The US House of Representatives narrowly rejected a challenge to the National Security Agency’s secret collection of hundreds of millions of Americans’ phone records after a fierce debate pitting privacy rights against the government’s efforts to thwart terrorism.  Wednesday night’s 217-205 vote was unlikely to be the final word on government intrusion to defend the nation and Americans’ civil liberties.  

A vote marked the first chance for lawmakers to take a stand on the secret surveillance programme since former NSA systems analyst Edward Snowden leaked classified documents last month that spelled out the monumental scope of the government’s activities.  

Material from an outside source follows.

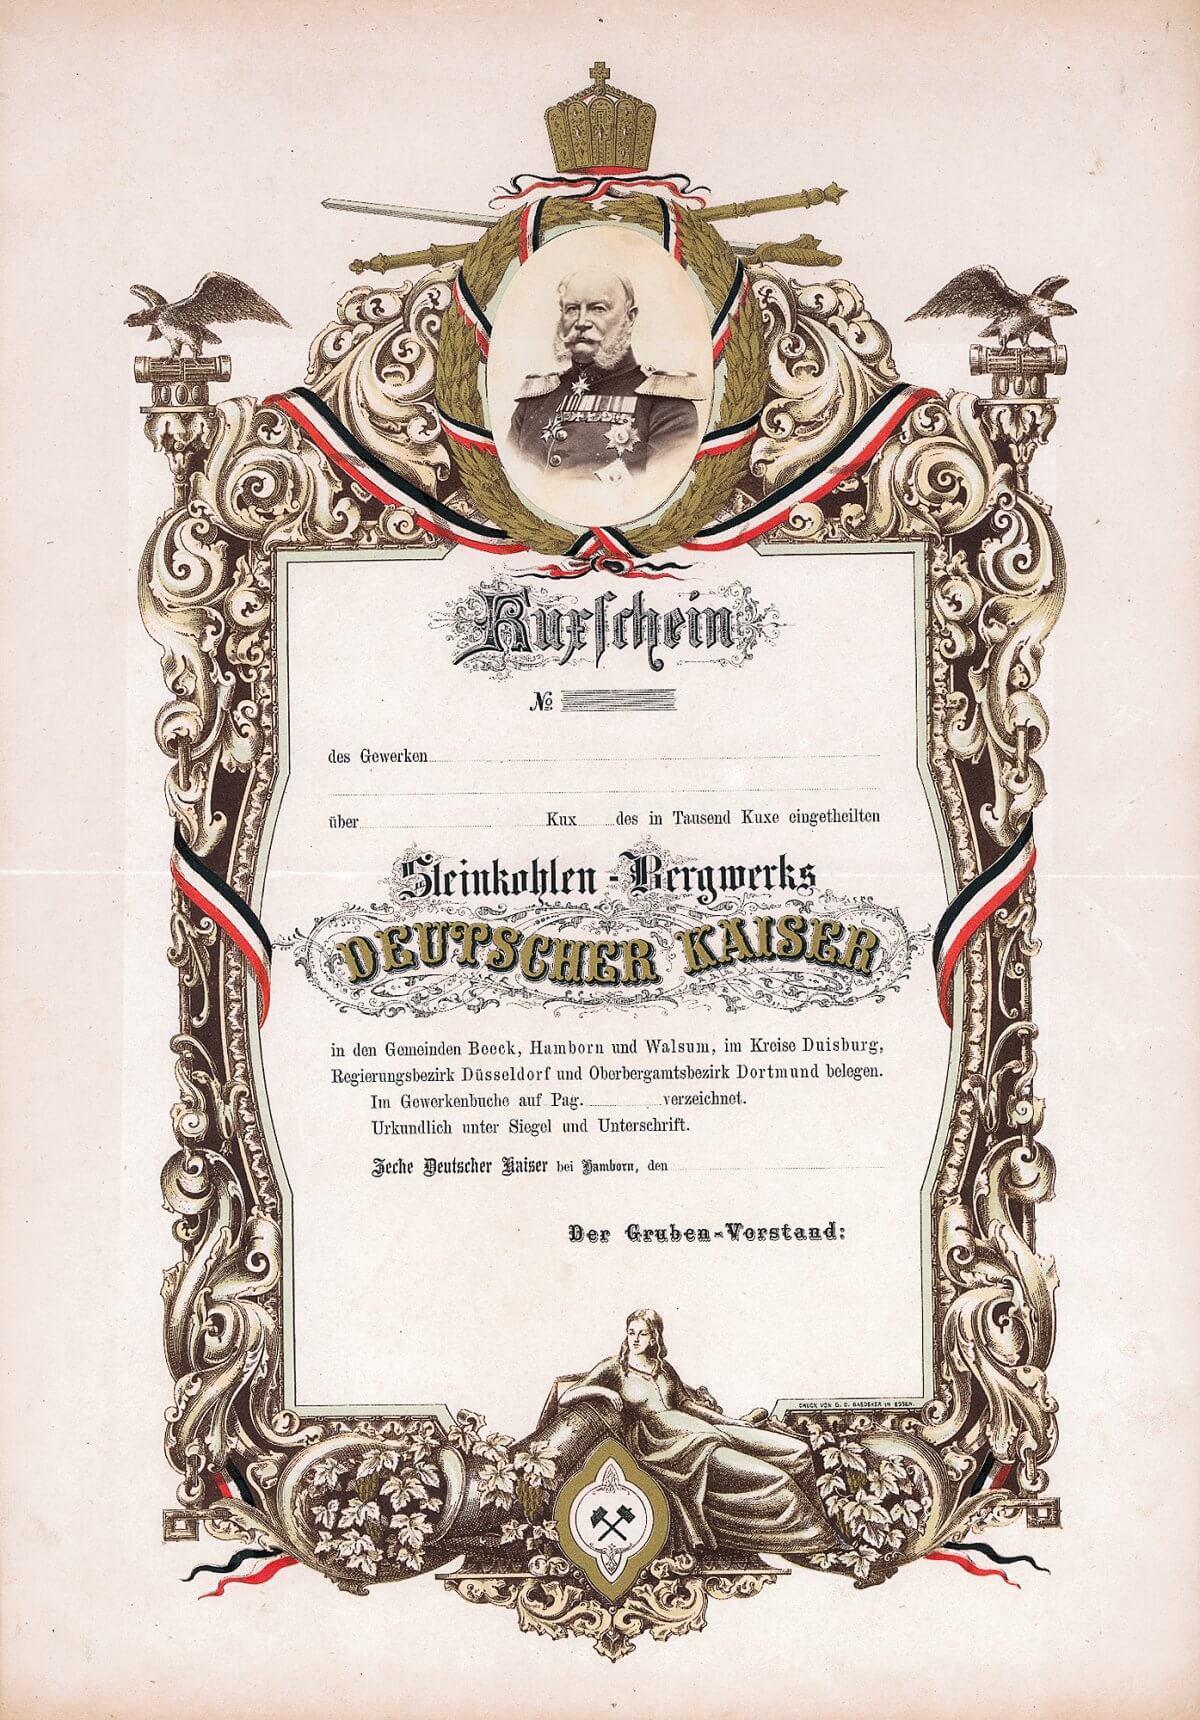 Steinkohlen-Bergwerk Deutscher Kaiser, Hamborn, Kuxschein von 1885. August Thyssen kaufte diese Kuxscheine auf, um seinen eisenindustriellen Unternehmungen eine eigene Kohlenbasis in einem vertikal integrierten Konzern zu schaffen
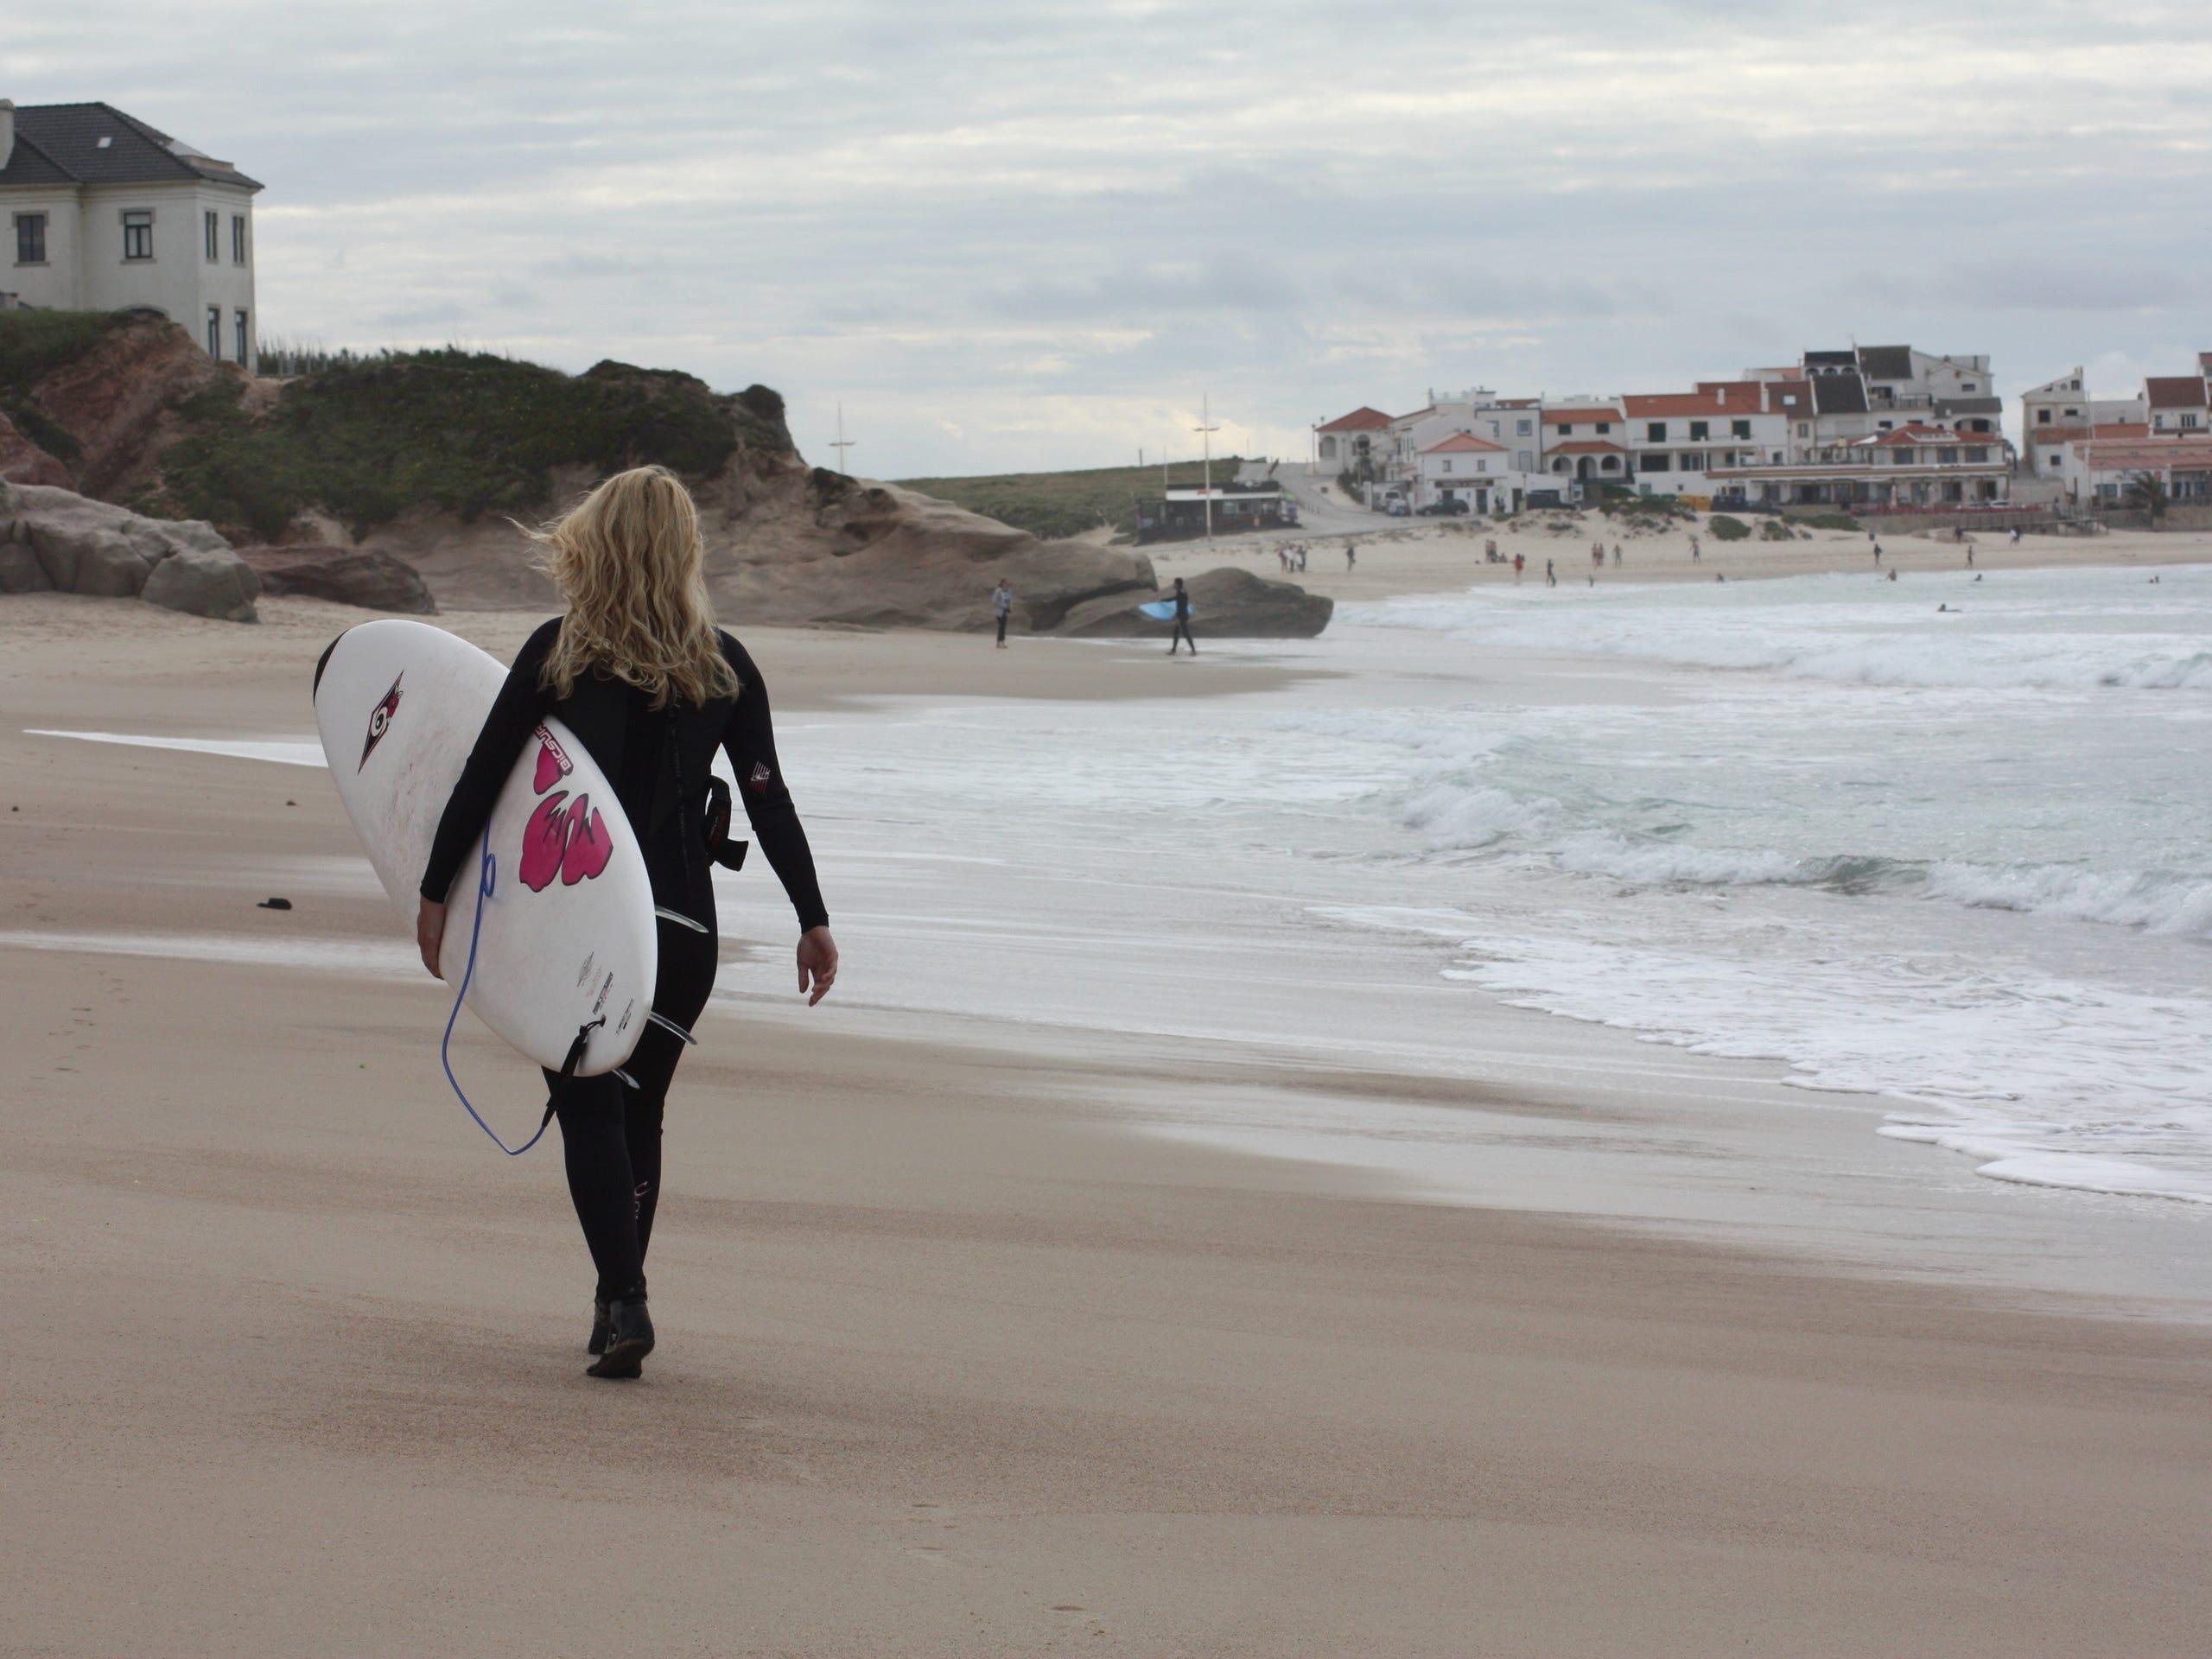 Steffi von Aloha Lifestyle hat Ihren Surf Outfit an und Ihr Surfbrett unterdem linken Arm und läuft am Strand entlang

Republican Rep. Justin Amash had challenged the programme as an indiscriminate collection of phone records, saying his effort was to defend the US Constitution and ‘defend the privacy of every American.’  
His measure, offered as an addition to a $598.3 billion defense spending bill for 2014, would have canceled the statutory authority for the NSA programme, ending the agency’s ability to collect phone records and metadata under the USA Patriot Act unless it identified an individual under investigation.  
The issue created unusual political coalitions in Washington, with the Obama administration, national security leaders in Congress and the Republican establishment facing off against libertarian-leaning conservatives and some liberal Democrats.  

The measure faces strong opposition in the Senate and from the White House and is unlikely to survive in a final spending bill.  ‘Have 12 years gone by and our memories faded so badly that we forgot what happened on Sept. 11?’ Rep. Mike Rogers, the Republican chairman of the Intelligence committee, said in pleading with his colleagues to back the programme.